Шрифт:
Интервал:
Закладка:
Гемологической экспертизой установлено, что вес монет — 11 кг 407,68 г, стоимость — 368 613 руб. 27 коп.
Люди, которым можно было доверить такие деньги, котировались так же высоко, как и те, кто, «давая» взятки, одновременно страховал Каримова от «прокола». Среди последних ключевой фигурой, бесспорно, считался Музаффаров. Который очень многое умел. И очень многое знал. Недаром «эмир» так взволновался после ареста своего верного «янычара» от ОБХСС.

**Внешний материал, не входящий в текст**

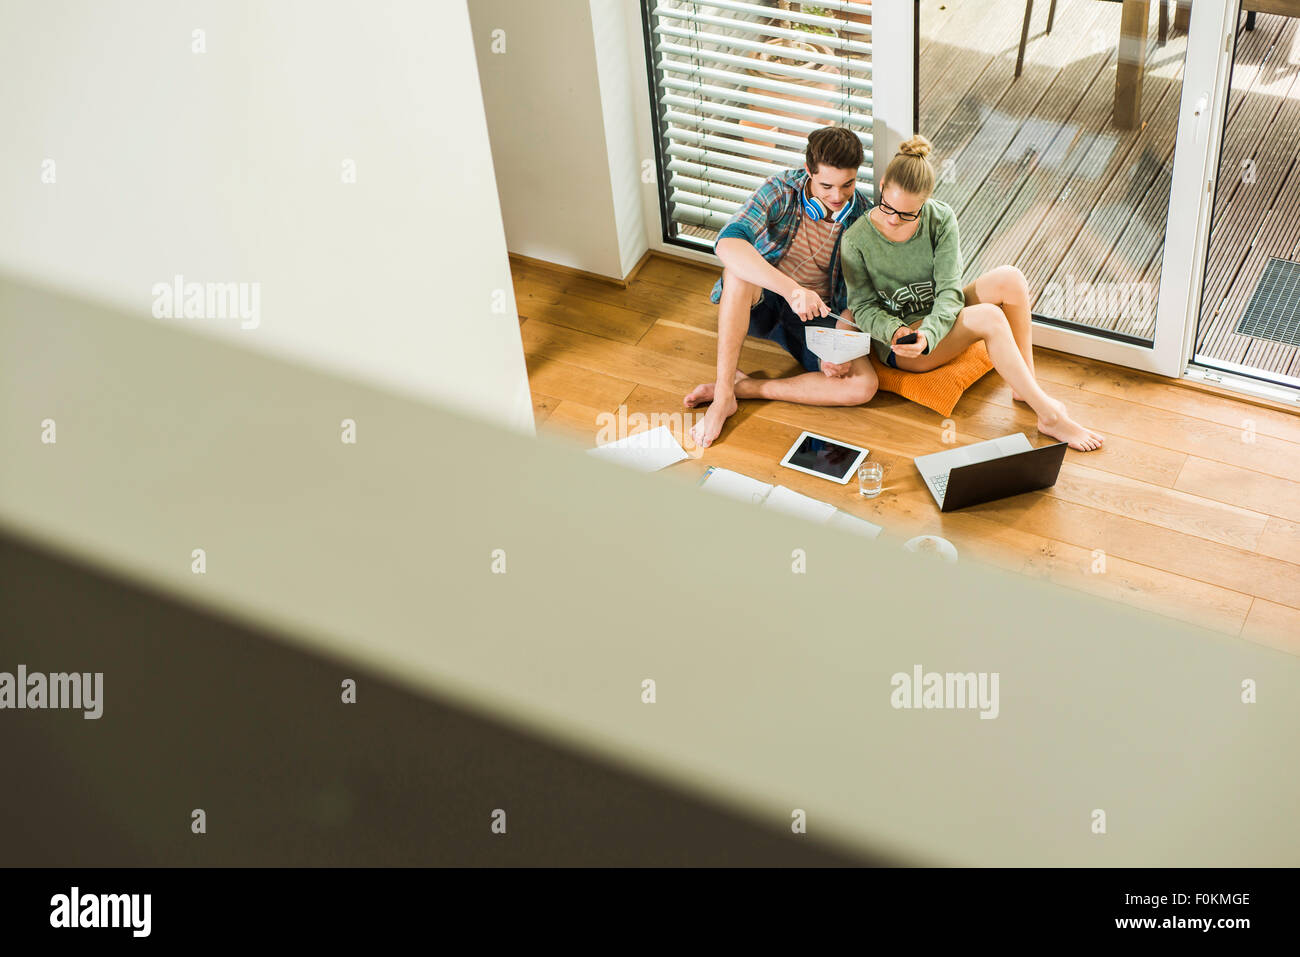 Two students sitting on wooden floor learning Stock Photo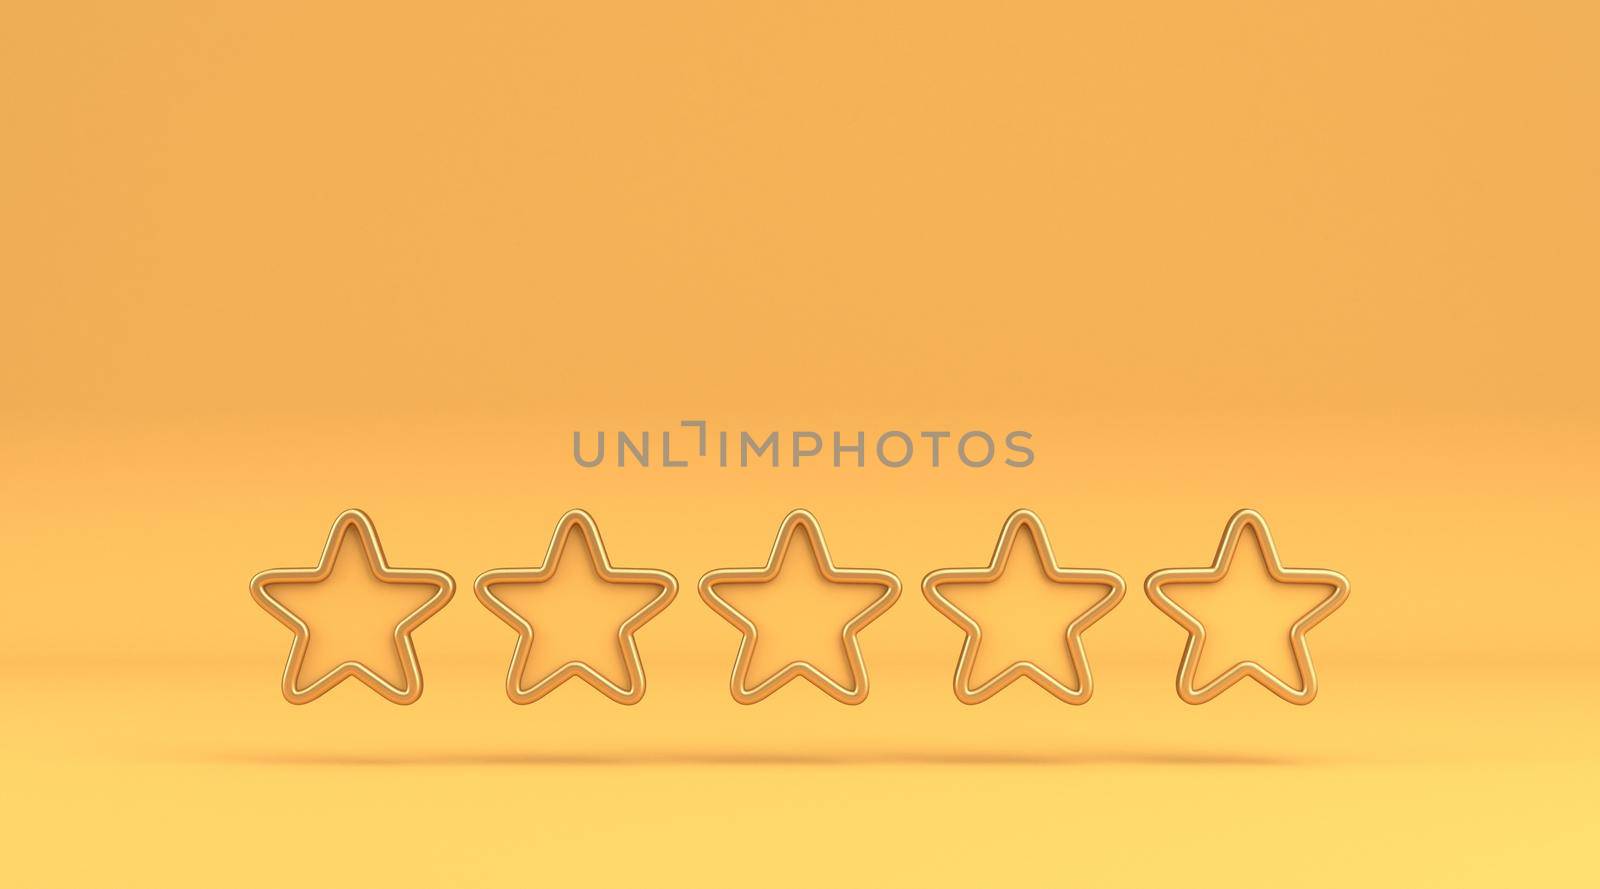 Five framed star rating sign 3D rendering illustration isolated on yellow background

Из показаний свидетеля Султанова: «О том, что Музаффаров был в близких отношениях с Каримовым, знали все. Об этом свидетельствует хотя бы такой факт, что он напрямую шел к Каримову на прием, хотя производственные вопросы должен был решать через своего непосредственного начальника Норова. Меня, как заведующего отделом обкома партии, вообще не признавал. На прием к Каримову проходил беспрепятственно и минуя всех, кто дожидался в приемной. Я помню такой факт, что, заметив слишком частое посещение Музаффаровым первого секретаря, вызвал Музаффарова к себе и сказал, что если у него, Музаффарова, есть какие-либо вопросы, то он мог бы сначала обсудить их со мной. После этого случая меня вызвал к себе Каримов и очень строго отругал за сделанное замечание».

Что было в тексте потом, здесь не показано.